• [TASK GOAL]
After locating "Contemporary, Modern Accent" in the listing below, copy that line and each one after it exactly, ending with the line that has "Flag showing coat".
#### DATASET CONTENT
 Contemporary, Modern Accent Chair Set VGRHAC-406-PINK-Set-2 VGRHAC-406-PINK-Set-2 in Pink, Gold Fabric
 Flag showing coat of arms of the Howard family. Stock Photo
########
#### DATASET CONTENT
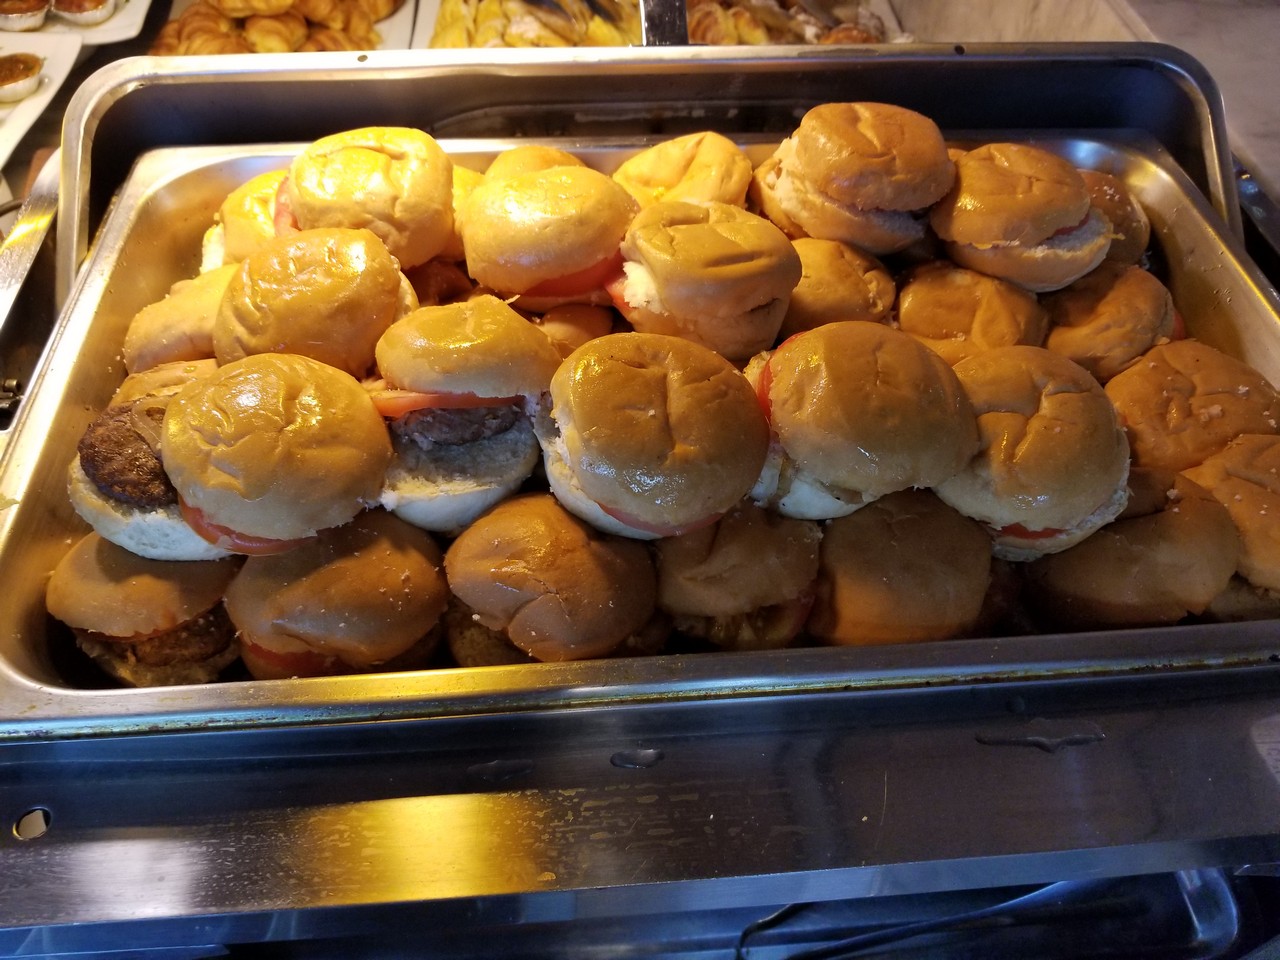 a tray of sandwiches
########
#### DATASET CONTENT
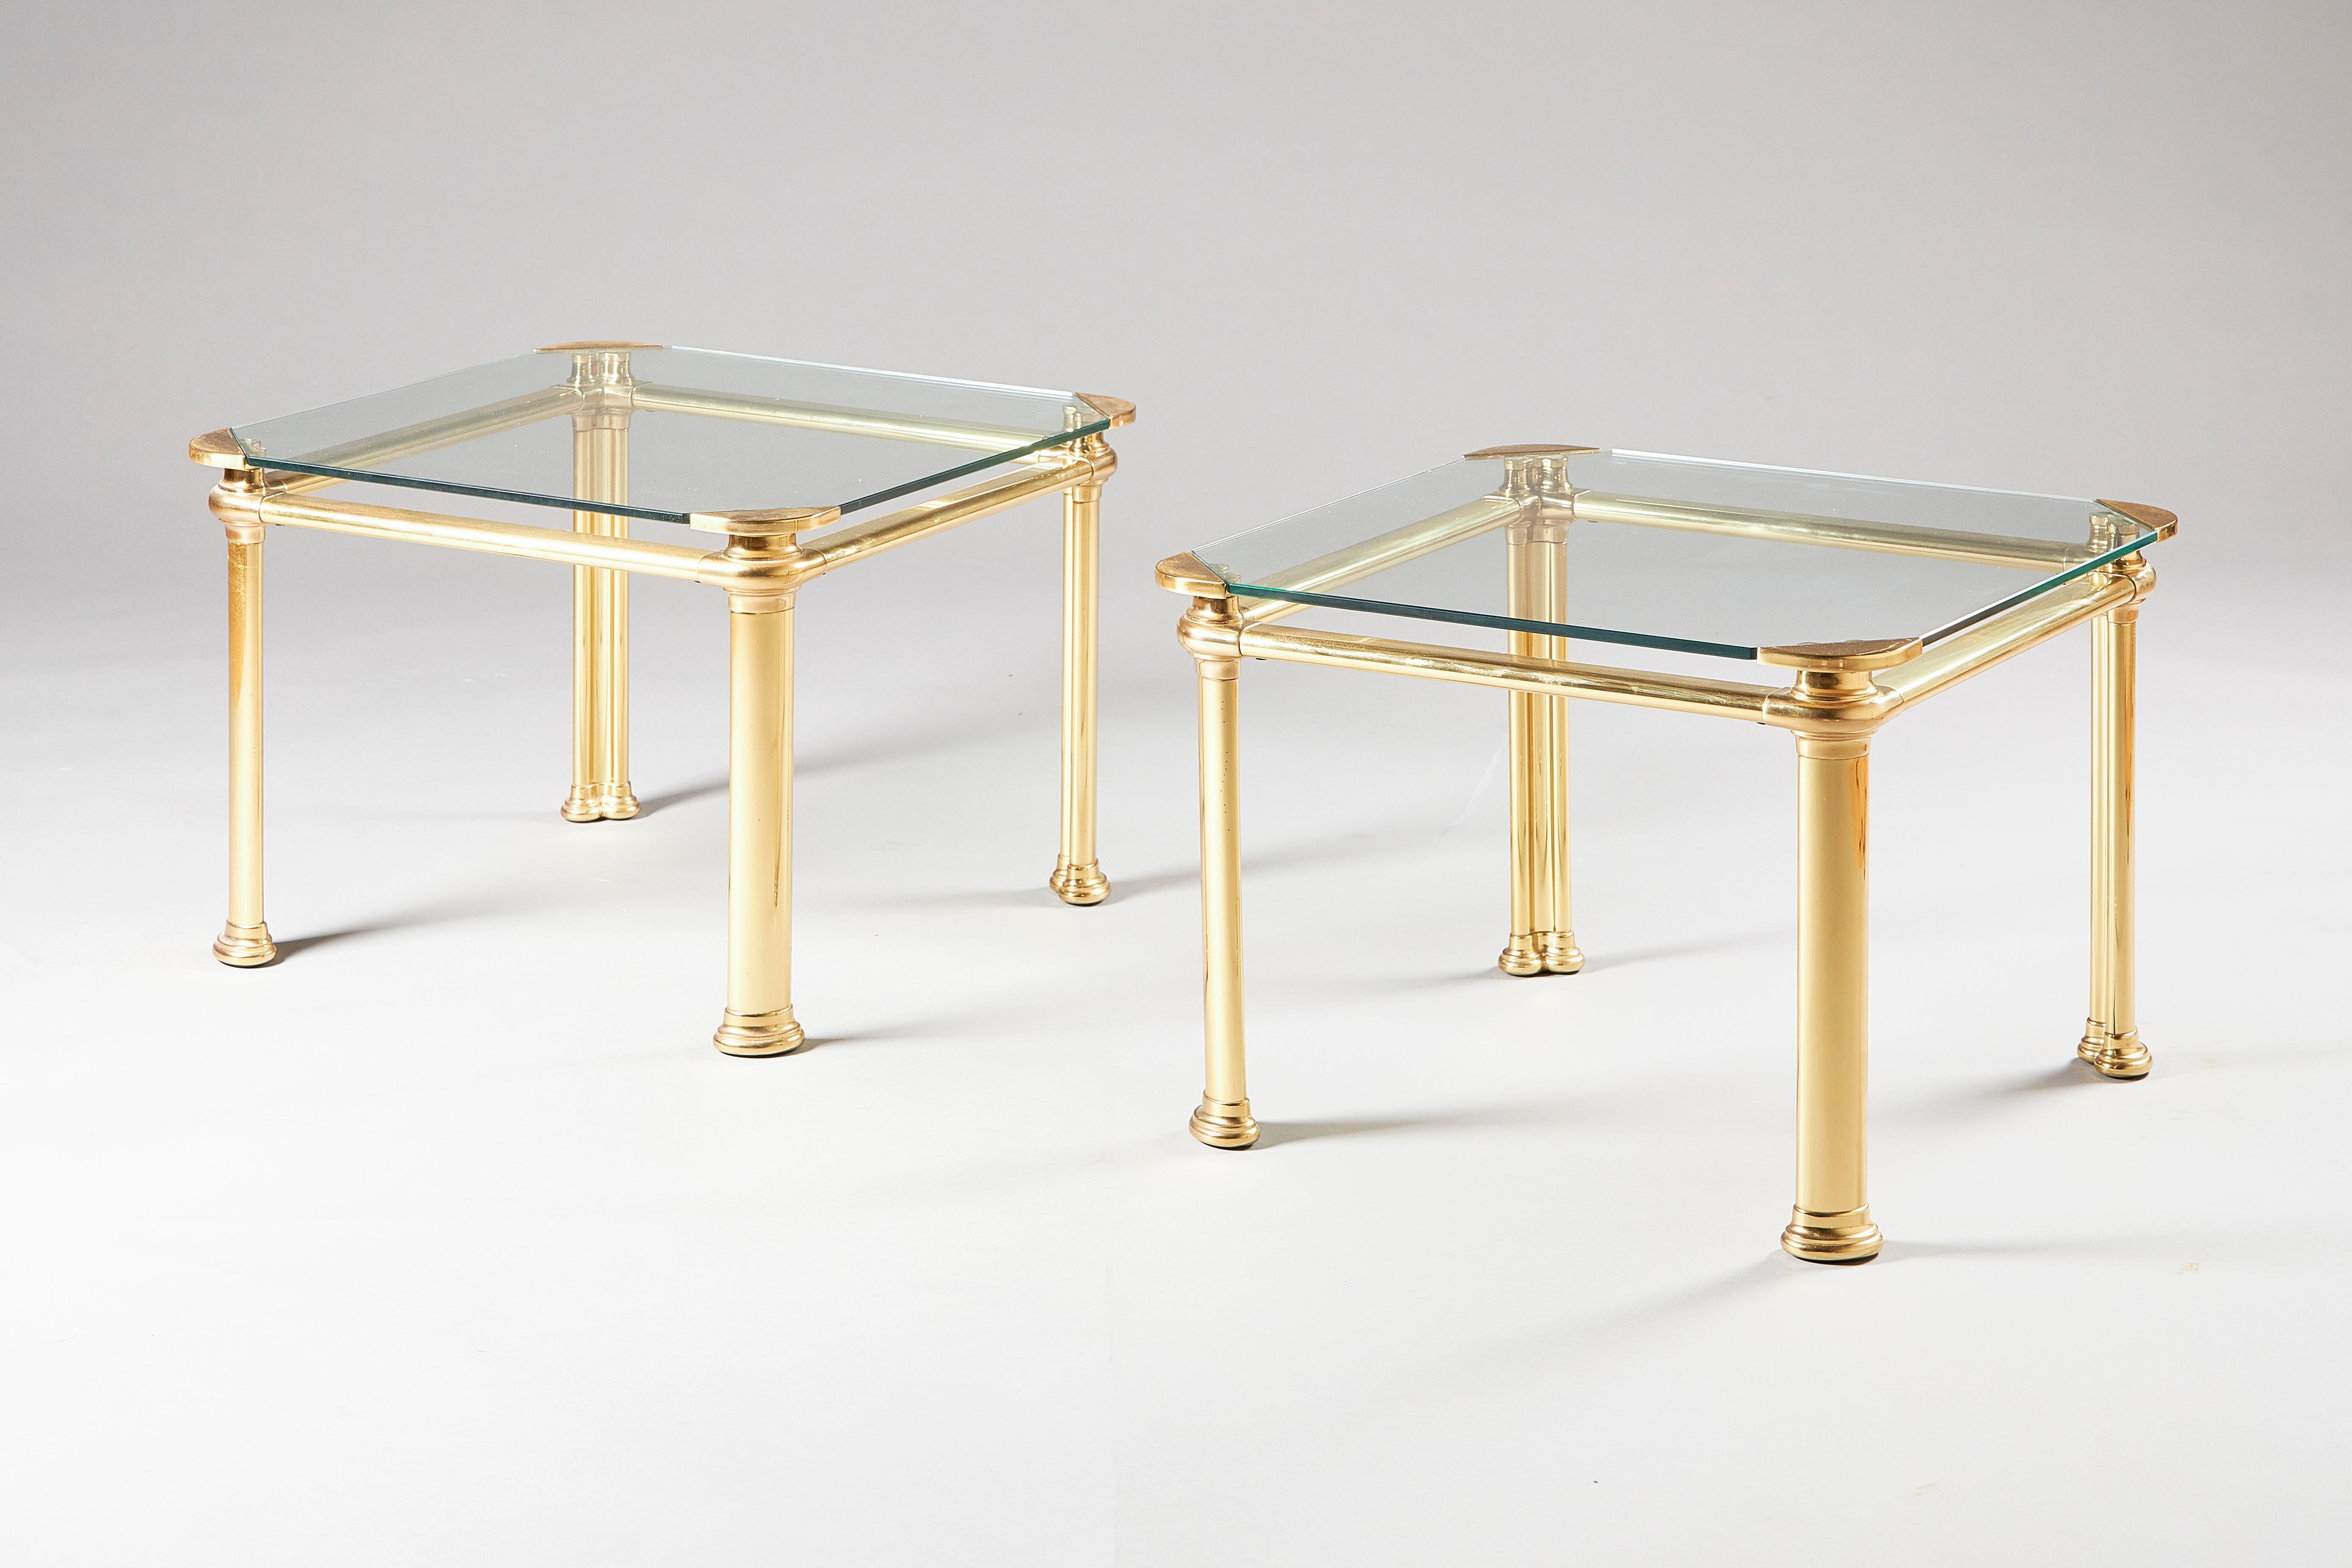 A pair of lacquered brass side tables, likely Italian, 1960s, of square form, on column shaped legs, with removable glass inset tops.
########
• [ANSWER SPACE]
 Contemporary, Modern Accent Chair Set VGRHAC-406-PINK-Set-2 VGRHAC-406-PINK-Set-2 in Pink, Gold Fabric
 Flag showing coat of arms of the Howard family. Stock Photo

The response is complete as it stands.